With Leena Alanen, Berry planned a book about empirical studies in both majority and minority world societies, collected with children about their everyday lives. As editors, they collaborated with the authors, through emails and meetings, to develop theories about conceptualising child–adult relations (Alanen and Mayall, 2001). They were concerned with understanding redistributive justice through studying inter-generational relations at micro and macro levels.
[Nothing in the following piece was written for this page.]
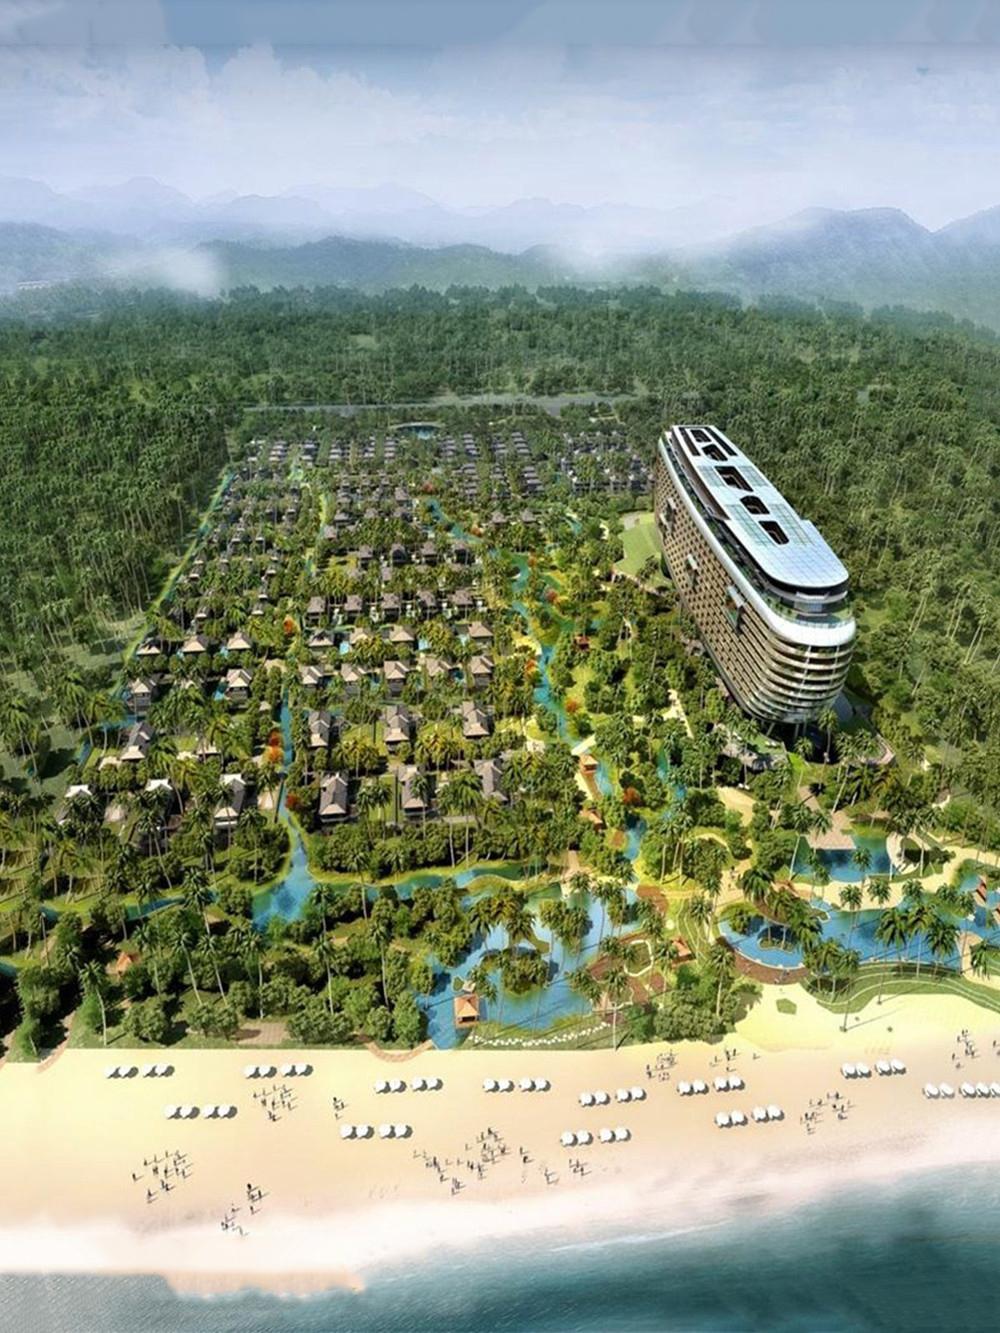 http://yuefangwangimg.oss-cn-hangzhou.aliyuncs.com/uploads/20200117/6092f6dddcfe208c0cd133ce98b461c9Max.jpg
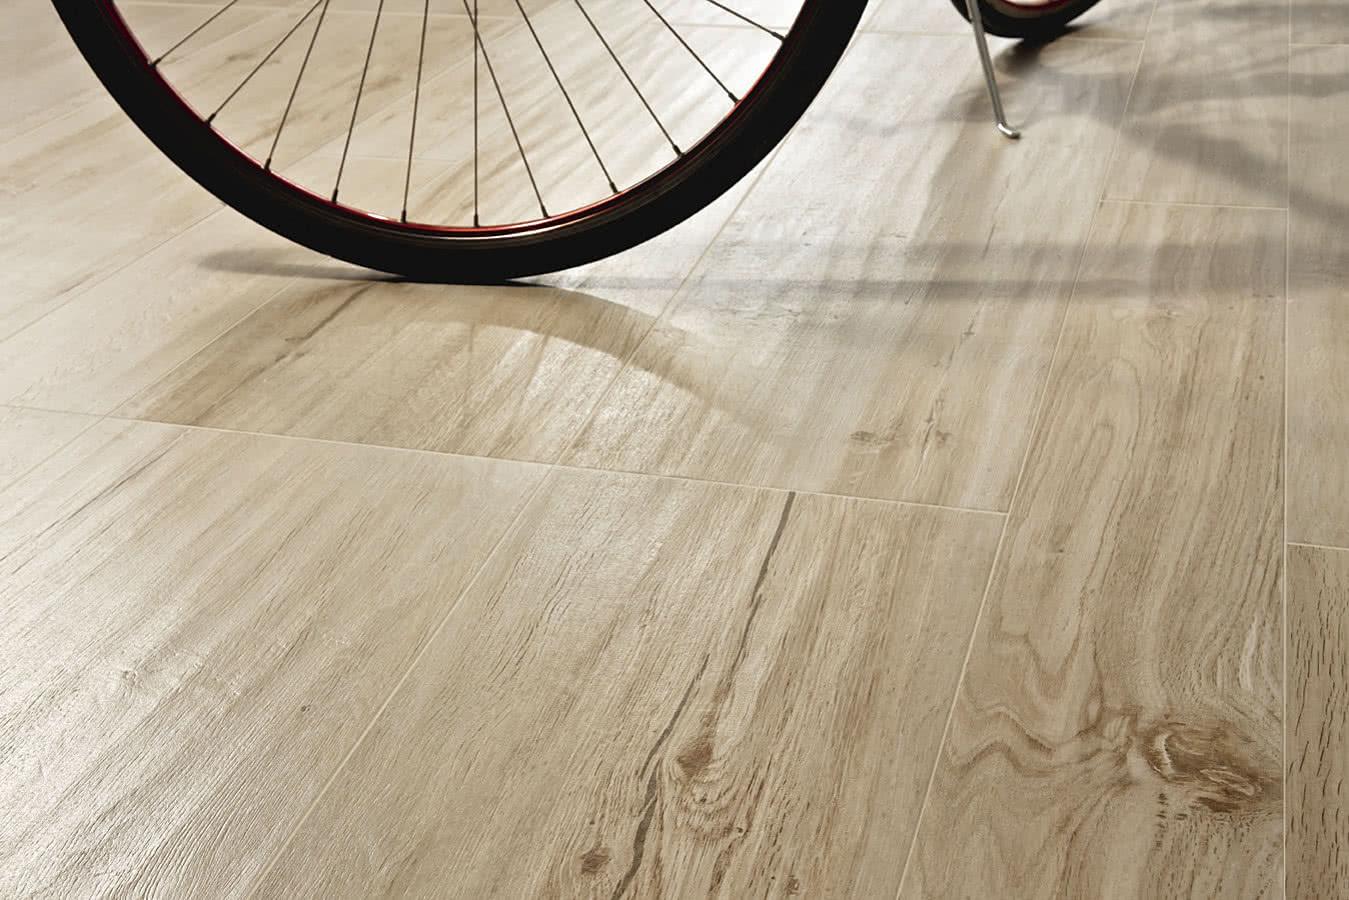 Root de caesar tile expert fournisseur de carrelage for Fournisseur carrelage

This work is even more relevant today for studying the actual and potential effects of climate change and the COVID-19 pandemic on different generations. We liaised with our colleague Helen Penn, then at SSRU, who was working on globalisation and childhood (Penn, 2002). Berry aimed to promote respect and partnership between adults and children of all ages and in all countries.
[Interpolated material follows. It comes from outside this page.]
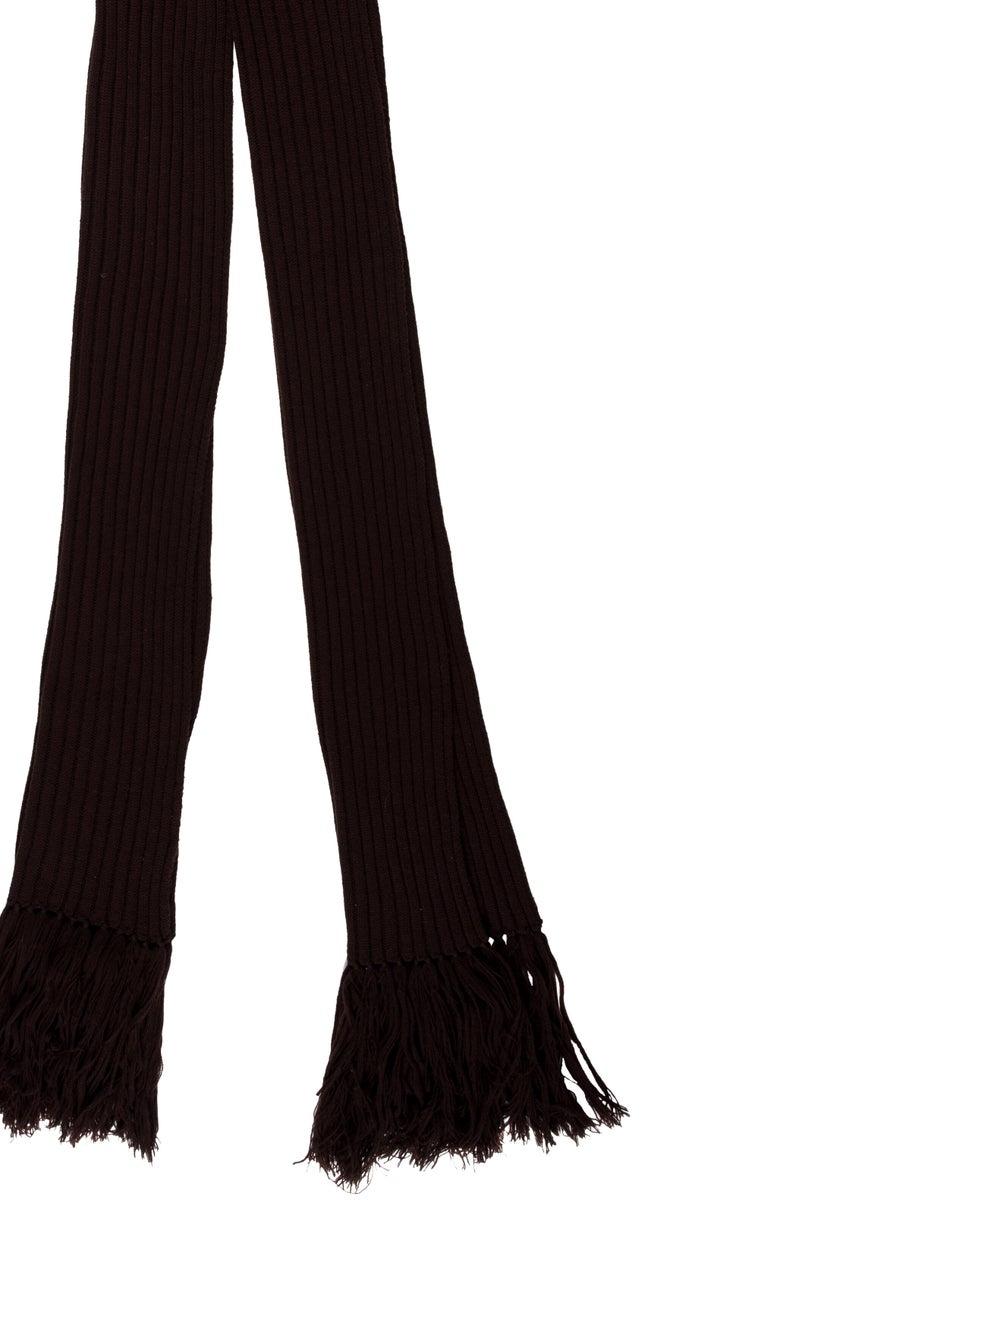 Dolce & Gabbana Knit Fringe Scarf Brown - image 2

Berry worked to promote children’s rights through all her social research, also writing a series of papers on rights, giving lectures in the UK and abroad and supervising child rights-based doctoral research. She worked particularly with Leena Alanen and Helga Zeihar (Berlin) while they were teaching at the University of Linköping, Sweden. They developed theories of childhood, starting with real examples and children’s own accounts to show how we can only understand society when we take account of children, one-third of the people in the world. Berry also theorised with European colleagues about how feminism might inform childhood research and childhood as a relational process. Just as gender relations can involve power and oppression, so too can generational adult–child relations. Visions of society that ignore children are as skewed as those that used to ignore women.
These and many other ideas resulted in her still highly relevant joint books with Leena, and also in her book, Towards a Sociology for Childhood: Thinking from children’s lives (Mayall, 2002). This emphasises how childhood, adulthood and society all need to be understood in relation to one another. Berry adapted feminist work on women’s individual and group standpoints (which include personal perspectives and experiential knowledge) to develop her work on children’s own standpoints and views in their relations with others, and in their complex underestimated moral status (Mayall, 2002).
Berry’s love of the theatre informed her work with colleagues to evaluate the National Theatre’s Education and Training Programme with schoolchildren and the role of creativity in schools. Another small study examined generation relations and feminist influences, by interviewing 12-year-old girls and then asking them to invite their mothers and grandmothers to take part.
When she was appointed Professor of Childhood Studies in 2000, Berry’s inaugural professorial lecture argued for a rethink in educational policy and practice based on respect for children as competent rational social agents with rights (Mayall, 2003).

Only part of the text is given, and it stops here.